/【コラム】エンドンベレの獲得成功に秘められたスパーズの「次なる章」への重要な意味

【コラム】エンドンベレの獲得成功に秘められたスパーズの「次なる章」への重要な意味

 

エンドンベレには、ただ単に彼が優れた選手である以上のことがいえる。彼は近年フランスで最も魅力あふれる若いチームの中心選手だ。チャンピオンズリーグのグループステージでは、マンチェスター・シティとの2試合でチームが4ポイントを得たことにも大きく貢献した。彼は冷静かつパワフルで、スピード、緻密さを持ち合わせ、ムサ・デンベレとヴィクター・ワニアマがともにフレッシュさを失っていくなかで、まさに喉から手が出るほど必要とされていたタイプの選手であるといえる。

このポジションでは、彼はこの夏獲得可能とされた選手たちのなかでベストといっても過言ではない選手であり、マンチェスター・ユナイテッドが交渉にあたる前に、スパーズへやってくることが決まった。

そして、この獲得こそが何よりもまず、本当の意味での過去からの脱却なのだ。

何故なら、トッテナムが最後にエリート選手を獲得したのはいつだ?並み居るトップチームたちが軒並み興味を示した選手の獲得はこれまであっただろうか?

少なくとも、ポチェッティーノの就任以降はまずなかっただろう。たしかに、デレ・アリの獲得ではリヴァプールを出し抜いていたが、彼は当時まだMKドンズでプレーするティーンエイジャーに過ぎなかった。アヤックスからクリスティアン・エリクセンを獲得するため、ギャレス・ベイルが残した移籍金を費やした2013年に遡ればどうか?あの時期はクラブの歴史の中でも非常に特殊な状況であったといえるだろう。

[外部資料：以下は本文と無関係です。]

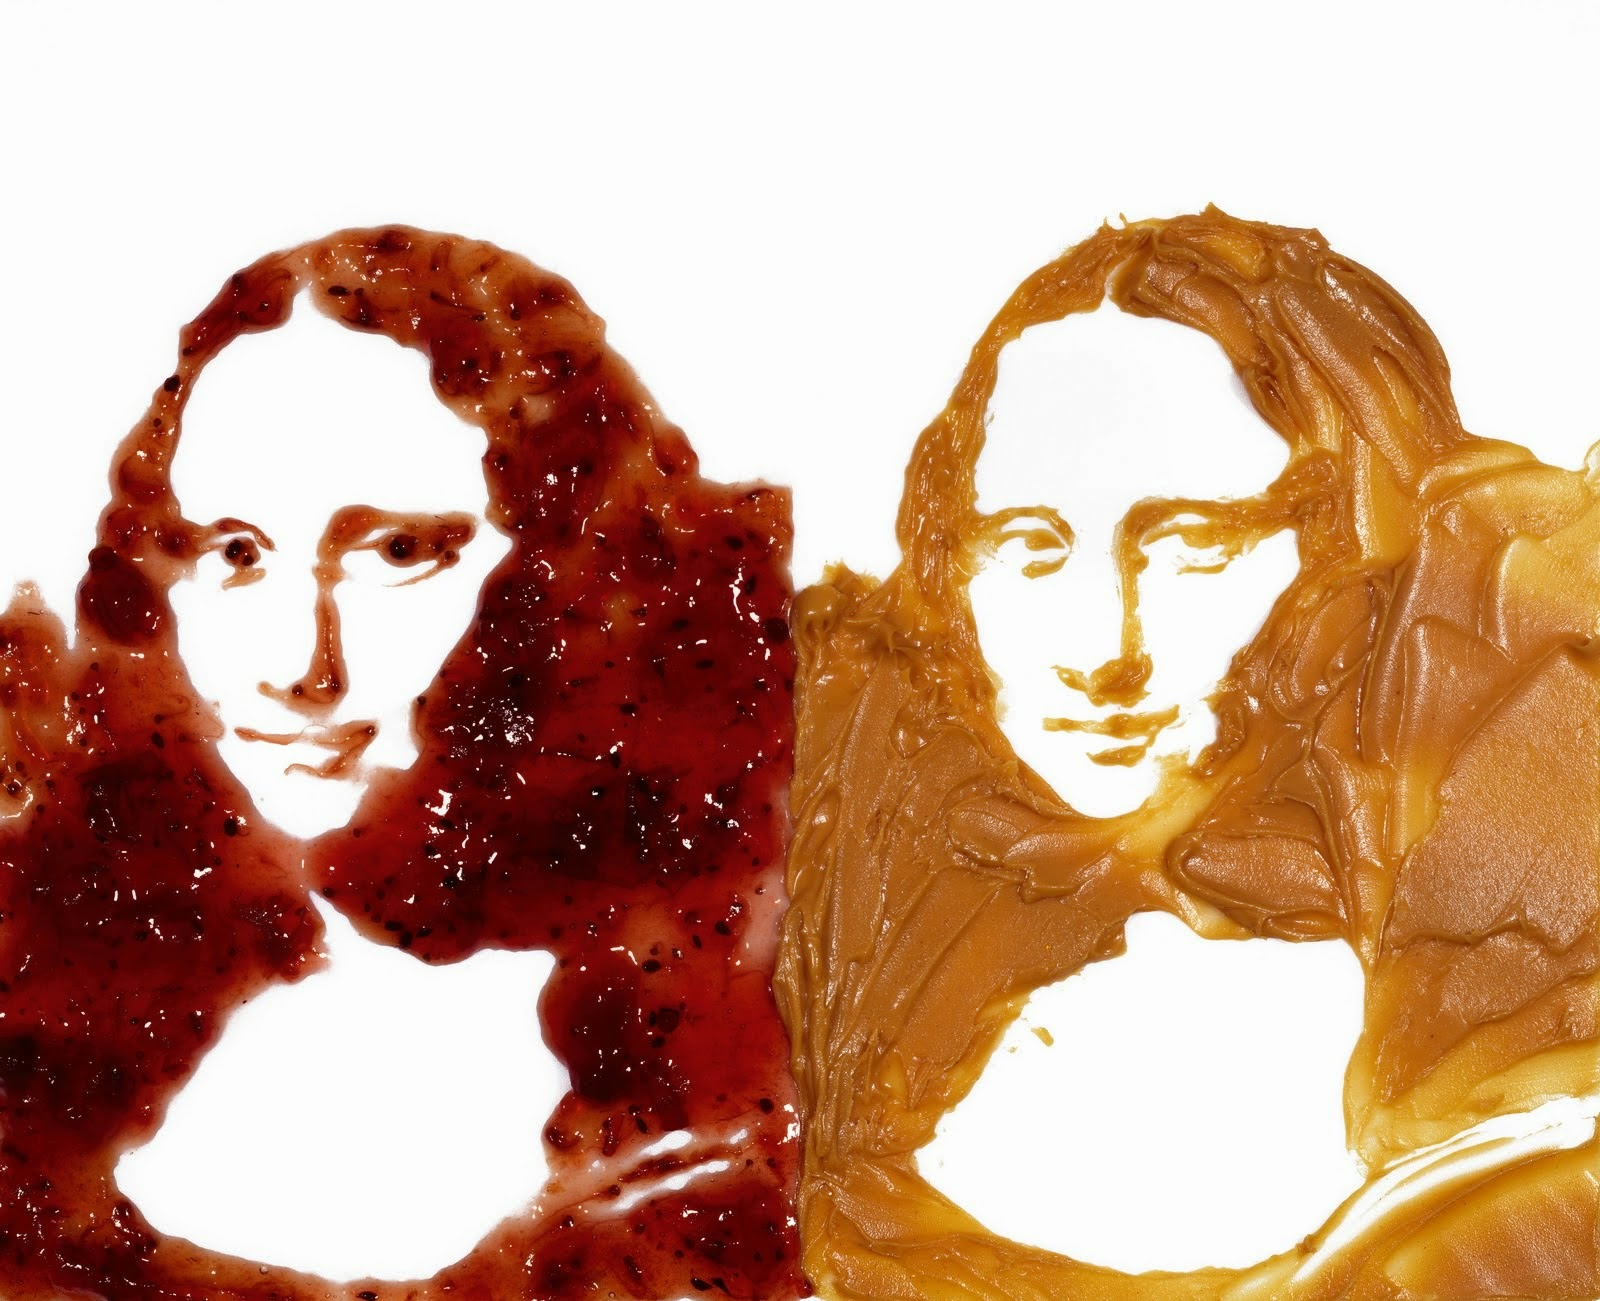 Double Mona Lisa, 2015 Vik Muniz

それ以来ずっと、スパーズは安定して成長を続けてきた。リーグで3位フィニッシュが2度、2位フィニッシュが1度。新しい本拠地がオープンし、チャンピオンズリーグにも到達した。しかし、それでも彼らには競合するライバルたちを前にしながら、5500万ポンドを費やして選手補強を成功させるほどの力強さは、資金力でも品位の面でもなかったではないか。

それこそが、彼らが狙った選手を獲得することを、最終的には諦めざるを得なかった理由であったはずだ。しかし、今は違う。それができるのだ。

1ヵ月前にスパーズがチャンピオンズリーグ決勝で敗れたとき、スパーズはリヴァプールの昨年の戦略に追随する必要があるとの声が聞かれた。キーとなるポジションには、獲得可能なベストの選手、それも本当の意味でチームを強化できる選手のみを補強するというようなものだ。

ともすれば、これまで移籍マーケットのこのような段階で選手獲得などしてこなかったチームにとっては、若干の無理もあったかもしれない。とはいえ、スパーズは、クラブの課題を解決できる選手の獲得を発表している。それは、資金力への疑問符に対する回答であり、ピッチではクラブをもう一段階上のレベルに引き上げながら、クラブの新たな威信を証明する選手なのだ。今スパーズに求められるのは、彼のような存在をもう一人獲得することだといえるのではないだろうか。